Daisy was so outraged at the thought that she pulled her head out of the cupboard without giving herself enough clearance and smacked herself hard. “Ouch.” She rubbed her head through her springy curls.

“I’m not saying I can’t make it as an artist.” Daisy stuck her head back into the cabinet and shoved aside her cookie sheets long enough to find her teakettle and yank it out. “I believe in myself. I just may have moved too fast.” She got up and filled the kettle from the faucet.

“Well, it’s not like you ever move slow.” Julia took down canisters one by one, finally finding the tea in a brown and silver square can. “Why did you put the tea in the can that says ‘cocoa’? Never mind. Constant Comment or Earl Grey?”


“Earl Grey.” Daisy put the kettle on the stove and turned up the heat. “This is a serious moment, and I need a serious tea.”

“Which is why I’m drinking Constant Comment.” Julia waggled her long fingers inside the canister and fished out two tea bags. “I have no serious moments.”

“Well, pretend you’re having one for me.” Daisy sighed, envying Julia’s optimism. Of course, Julia hadn’t quit a safe and solid teaching job to become a painter, or spent the past four years living on her savings until she didn’t have any. Daisy felt her head pound. “Julia, I don’t think I can do this anymore.

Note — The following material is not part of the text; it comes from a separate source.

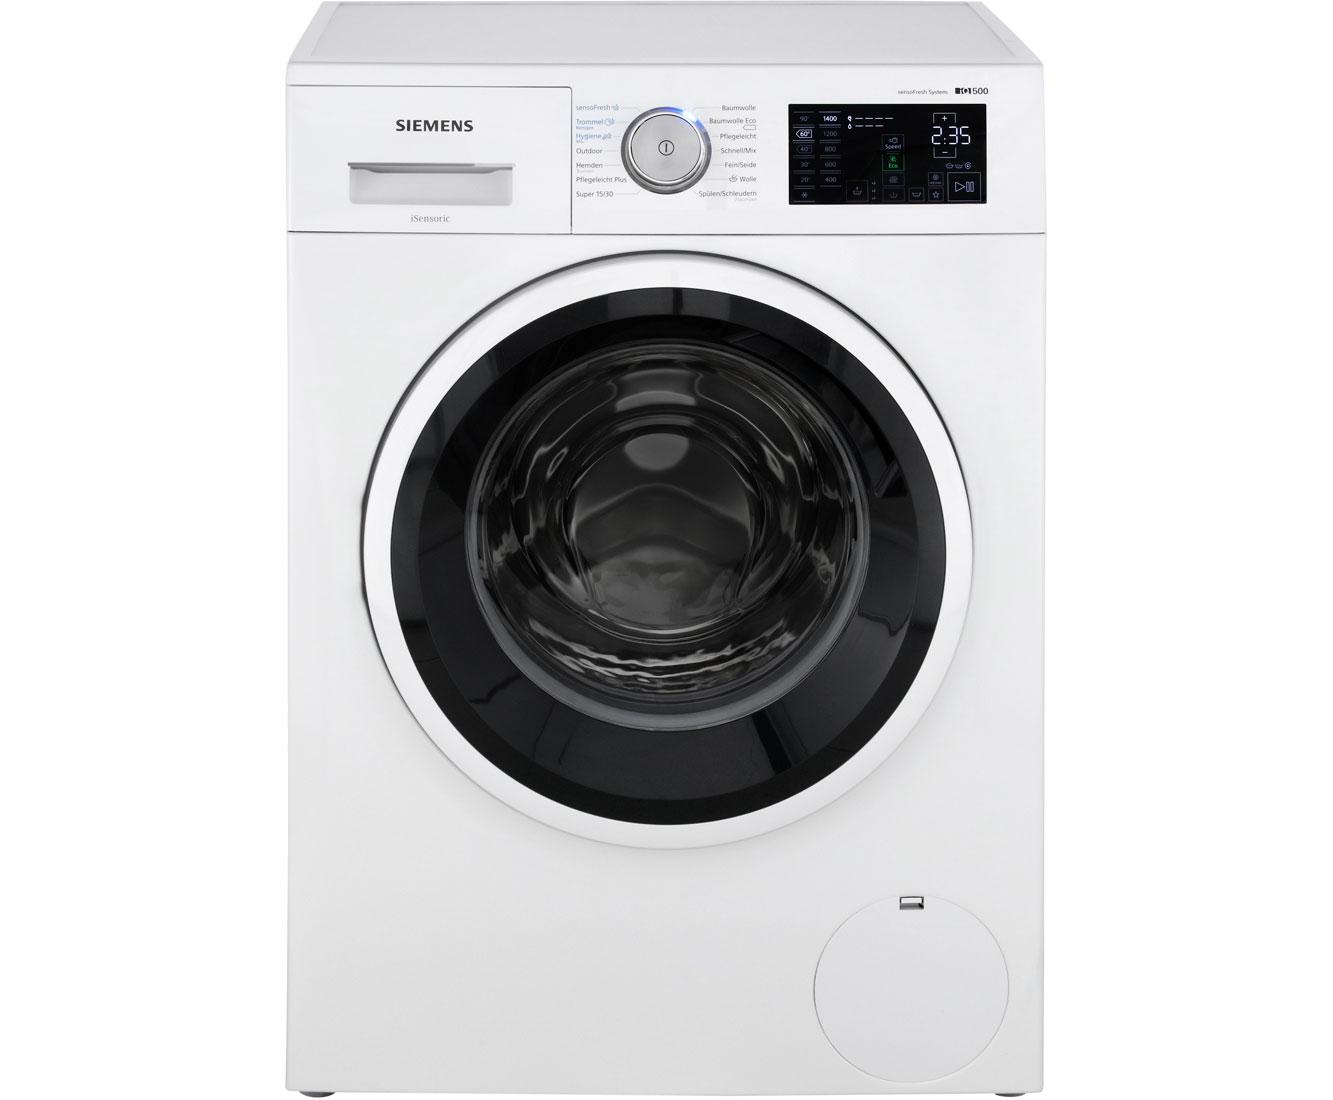 Siemens iq500 wm14t720 waschmaschine mit sensofresh 8 kg 1400 u

I’m tired of scraping to pay my bills, and I’m tired of trying to sell my paintings to people who don’t understand what I’m doing, and I’m tired—” She bit her lip. “I’m so tired of worrying about everything.”

That was the thing, really; she was worn down from the uncertainty. Like water on a rock; that was what the edge of poverty did to you.

“So what are you going to do?” Julia asked, but somewhere there was a faint sound, half screech and half meow, and Daisy cocked her head again instead of answering.

“I swear I hear a cat crying,” she told Julia. “Listen. Do you hear anything?”

Julia paused and then shook her head. “Uh-uh. Your water’s starting to boil. Maybe that’s it.”

Daisy took the kettle off while Julia took down two mismatched cups and saucers, plunking her Constant Comment tea bag in a Blue Willow cup and Daisy’s Earl Grey in the bright orange Fiestaware. Daisy poured the hot water over the bags and said, “Pretty” as the tea color spread through the cups.

“Forget the pretty tea.” Julia picked up her cup and carried it back to the table. “You’re in crisis here. You’re out of money and you can’t sell your paintings. How’s the storytelling going?”

“Budget cuts.” Daisy sat down across from her with her own cup and saucer. “Most libraries can’t afford me, and it’s a slow time for bookstores, and forget schools entirely. They all say I’m very popular and they’ll use me again as soon as possible, but in the meantime I’m out of luck.”

“Okay.” Julia crinkled her nose as she thought. “How else were you making money? Oh, the jewelry. What about the jewelry?”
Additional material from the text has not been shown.